'''

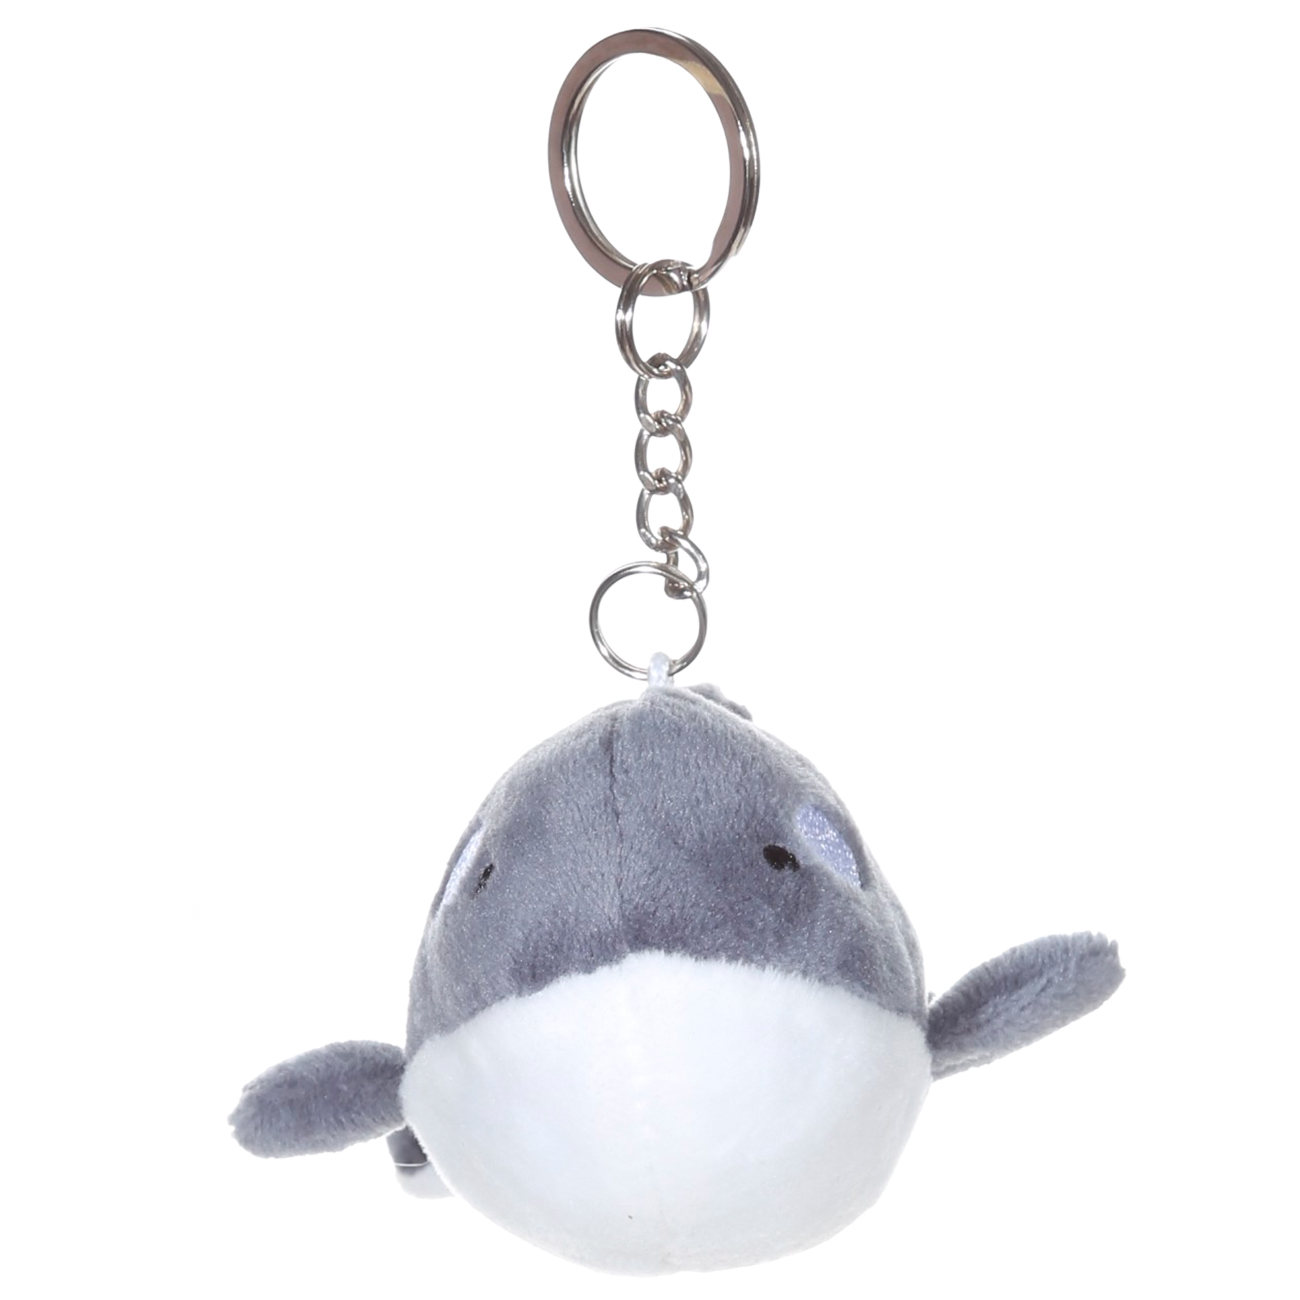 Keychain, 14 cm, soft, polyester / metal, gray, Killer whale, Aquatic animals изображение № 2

'''
'''

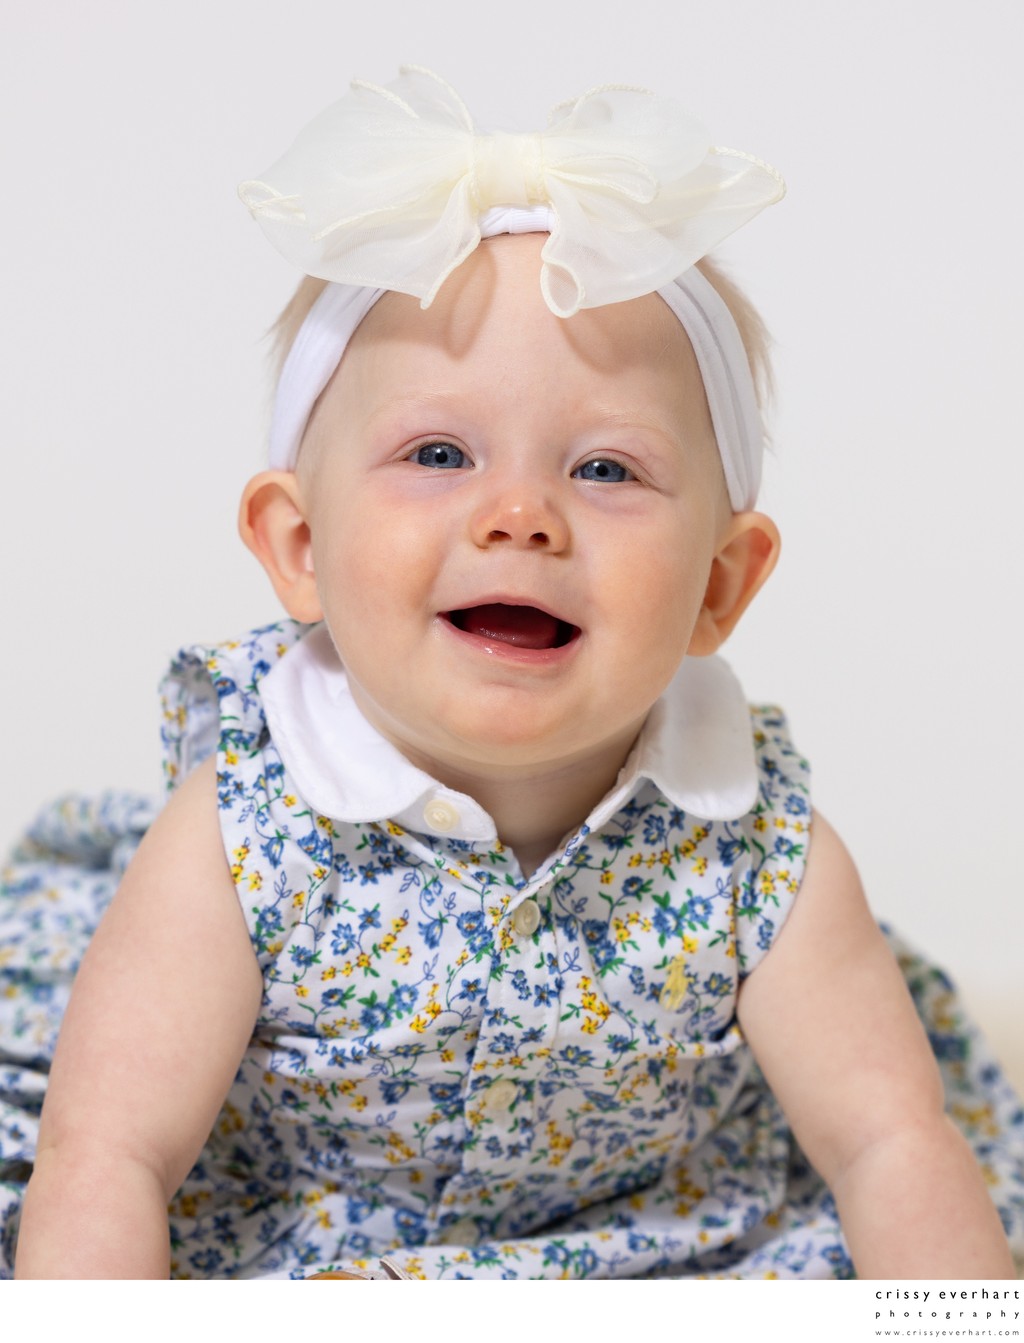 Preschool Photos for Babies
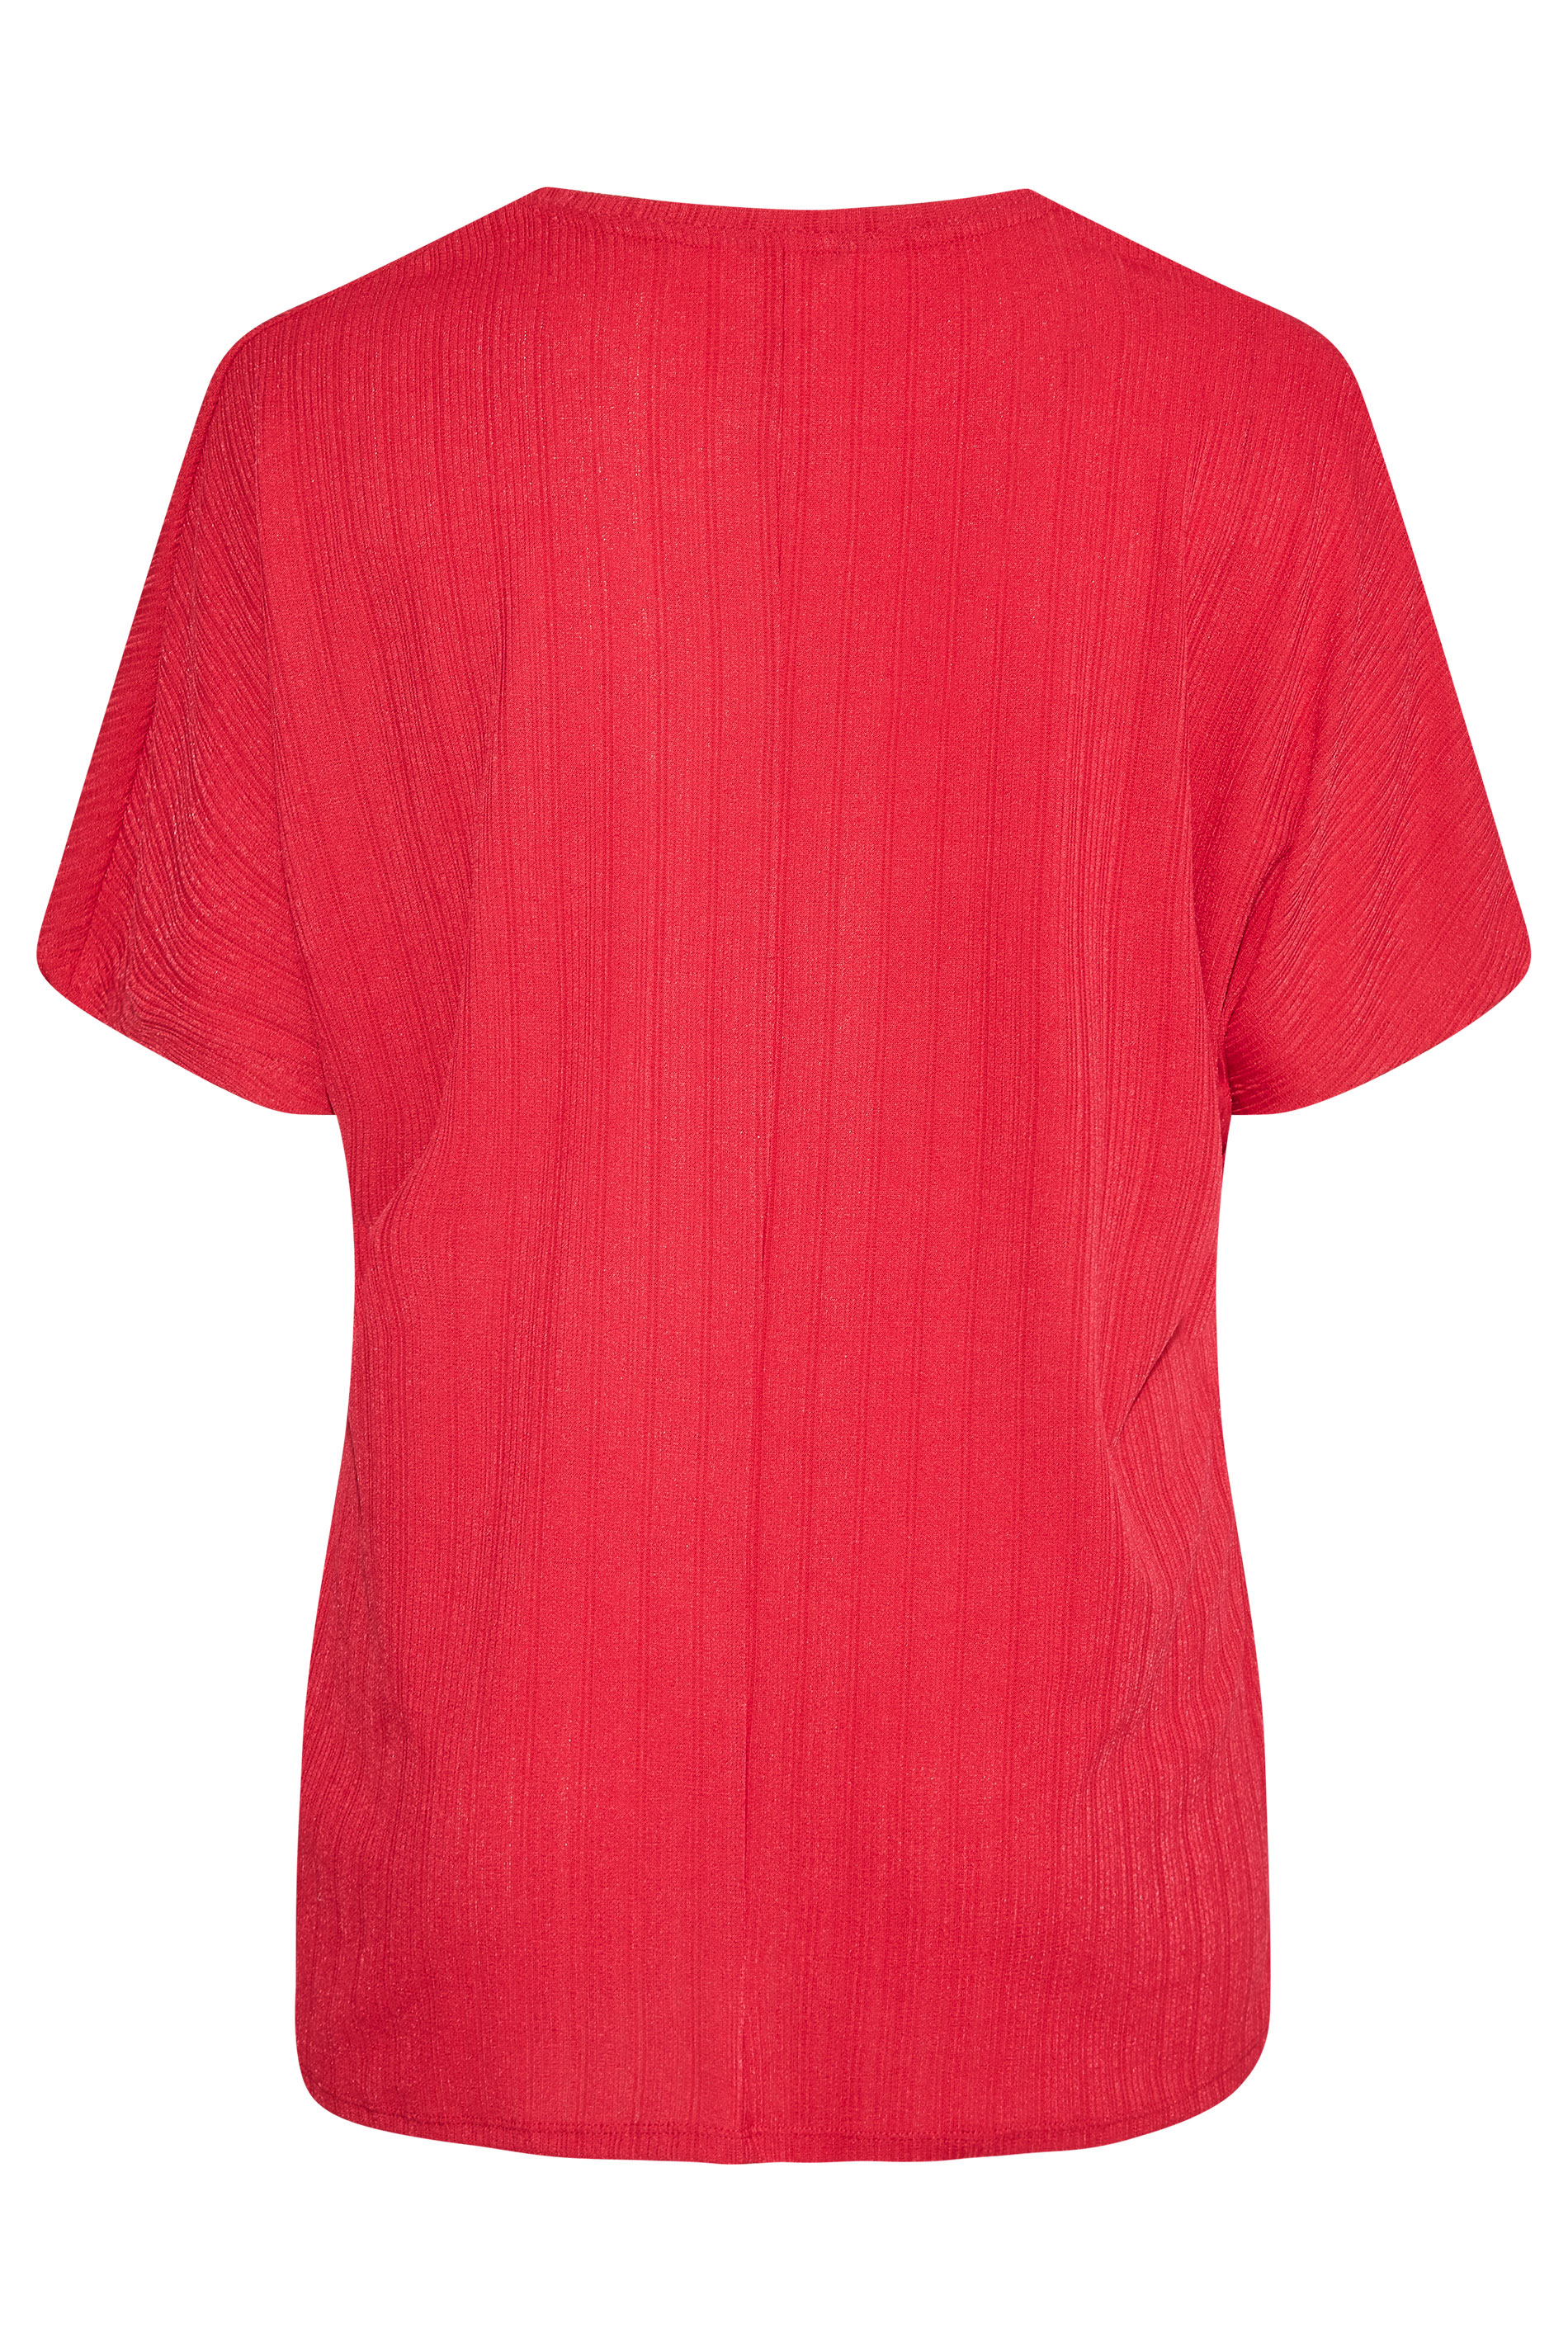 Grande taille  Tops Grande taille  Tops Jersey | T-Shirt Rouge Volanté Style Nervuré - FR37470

'''
'''

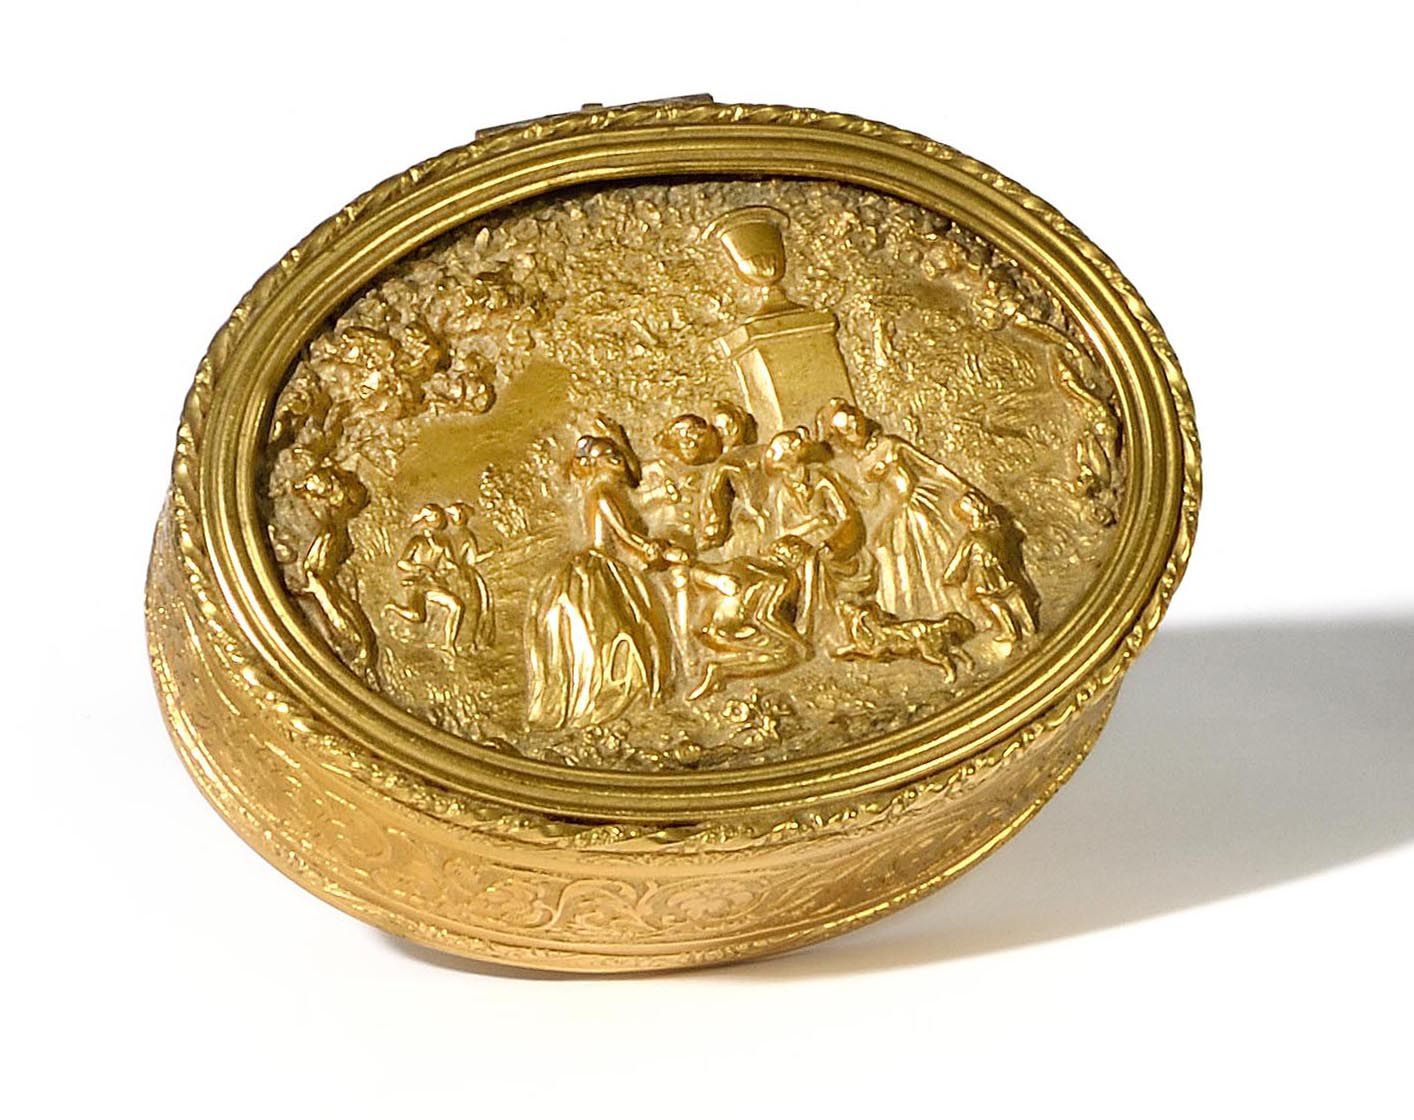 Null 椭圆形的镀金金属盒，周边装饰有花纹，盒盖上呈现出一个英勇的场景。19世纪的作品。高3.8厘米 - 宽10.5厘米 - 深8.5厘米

'''

What the task requires:
Using the listing above, restate exactly the range between the lines holding "Preschool Photos for Babies" and "Nervuré - FR37470", inclusive, with pictures left out.

Reply:
 Preschool Photos for Babies
 Grande taille  Tops Grande taille  Tops Jersey | T-Shirt Rouge Volanté Style Nervuré - FR37470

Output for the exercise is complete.